- Artist: M. C. Escher
- Year: 1960
- Type: lithograph
- Dimensions: 35.5 cm × 28.5 cm (14 in × 11+1⁄4 in)

= Ascending and Descending =

1960 lithograph by M. C. Escher

Ascending and Descending is a lithograph print by the Dutch artist M. C. Escher first printed in March 1960. The original print measures 14 × 11+1/4 in. The lithograph depicts a large building roofed by a never-ending staircase. Two lines of identically dressed men appear on the staircase, one line ascending while the other descends.

==Description==
The lithograph shows two lines of identically dressed men on the staircase, one line ascending while the other descends. Two figures sit apart from the people on the endless staircase: one in a secluded courtyard, the other on a lower set of stairs. While most two-dimensional artists use relative proportions to create an illusion of depth, Escher here and elsewhere uses conflicting proportions to create the visual paradox.

The two concentric processions on the stairs use enough people to emphasise the lack of vertical rise and fall. In addition, the shortness of the tunics worn by the people makes it clear that some are stepping up and some are stepping down.

==Background and influences==
Ascending and Descending was influenced by, and is an artistic implementation of, the Penrose stairs, an impossible object; Lionel Penrose had first published his concept in the February 1958 issue of the British Journal of Psychology. Escher developed the theme further in his print Waterfall, which appeared in 1961.

Two earlier Escher pictures that feature stairs are House of Stairs and Relativity.

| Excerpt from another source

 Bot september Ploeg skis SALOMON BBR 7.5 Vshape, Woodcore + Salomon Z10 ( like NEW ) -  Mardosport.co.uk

The work is referenced in The Simpsons' 1991 episode "Brush with Greatness".

===Architectural influences===
In a 1969 letter, Escher attributed the architecture of his prints to the southern Italian buildings he had seen in Amalfi Coast towns, including Atrani, which he had depicted in his work of the early 1930s.

Escher documented the Mediterranean architectural influences, stating: "When it comes to architecture, in my prints I have been strongly influenced by southern Italian buildings, where Norman, Romanesque, Saracen and Moorish influences can often be distinguished." He described a preference for "bread roll domes, flat, whitewashed roofs, and plastered walls" and stated that "almost all these elements I saw on the Amalfi coast."

==Interpretation==
The structure is embedded in human activity. By showing an unaccountable ritual of what Escher calls an 'unknown' sect, Escher has added an air of mystery to the people who ascend and descend the stairs. Therefore, the stairs themselves tend to become incorporated into that mysterious appearance.

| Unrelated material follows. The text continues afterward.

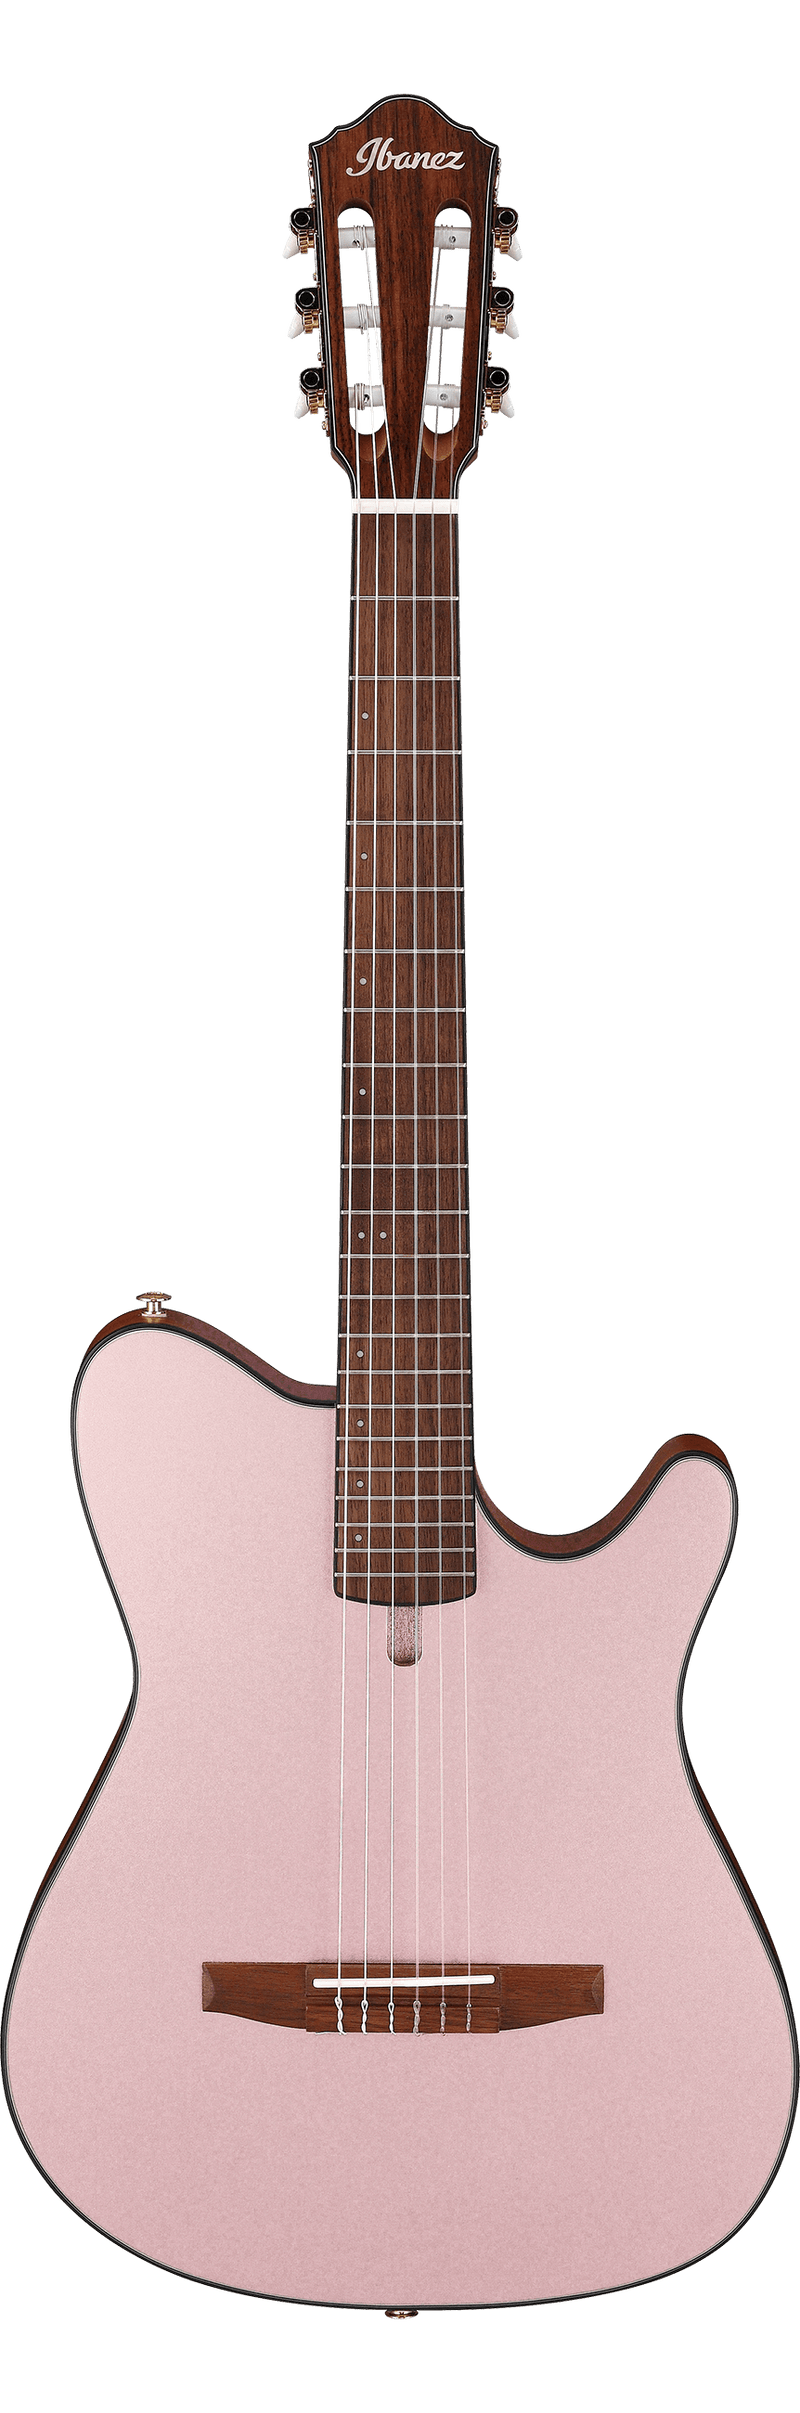 Guitare acoustique ibanez frh10n (plat métallique en or rose)

There are 'free' people and Escher said of these: 'recalcitrant individuals refuse, for the time being, to take part in the exercise of treading the stairs. They have no use for it at all, but no doubt, sooner or later they will be brought to see the error of their non-conformity.'

Escher suggests that not only the labours, but the very lives of these monk-like people are carried out in an inescapable, coercive and bizarre environment. Another possible source for the look of the people is the Dutch idiom monnikenwerk ("a monk's job"), which refers to a long and repetitive working activity with absolutely no practical purposes or results, and, by extension, to something completely useless.